**Assigned task**
Everything from the line containing "NtrQQ安装工具 Ver 3.0 屠城辅助网www.tcfz1.com7397" through the line containing "omfanget av dopingbruk" should be repeated exactly, and nothing else from the data.

**Dataset content**
○ ○ ○ ○

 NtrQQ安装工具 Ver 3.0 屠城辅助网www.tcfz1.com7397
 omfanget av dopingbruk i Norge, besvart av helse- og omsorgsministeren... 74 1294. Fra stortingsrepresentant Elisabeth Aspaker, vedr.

○ ○ ○ ○

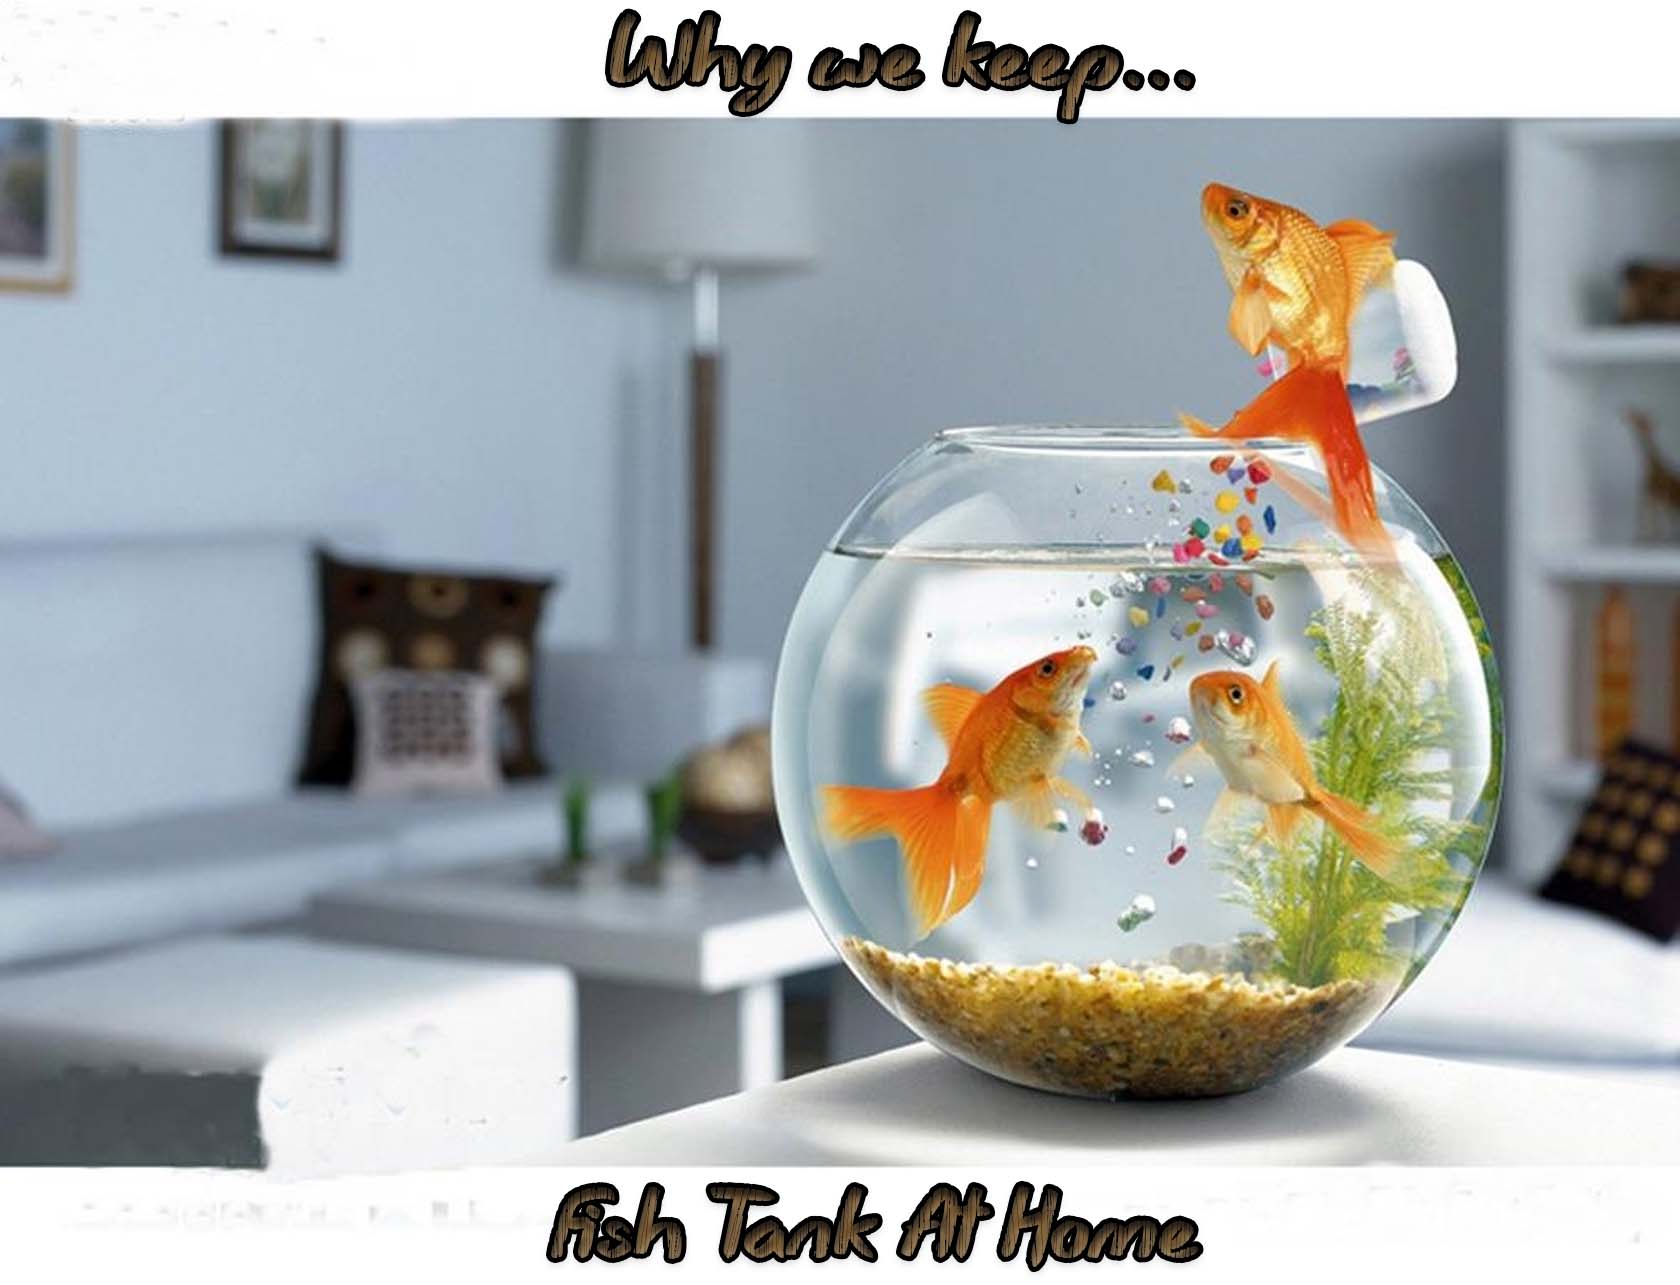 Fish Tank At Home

○ ○ ○ ○

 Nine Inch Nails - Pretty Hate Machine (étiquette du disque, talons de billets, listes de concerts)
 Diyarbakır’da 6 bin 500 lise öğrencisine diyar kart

○ ○ ○ ○

**Solution to this exercise**
 NtrQQ安装工具 Ver 3.0 屠城辅助网www.tcfz1.com7397
 omfanget av dopingbruk i Norge, besvart av helse- og omsorgsministeren... 74 1294. Fra stortingsrepresentant Elisabeth Aspaker, vedr.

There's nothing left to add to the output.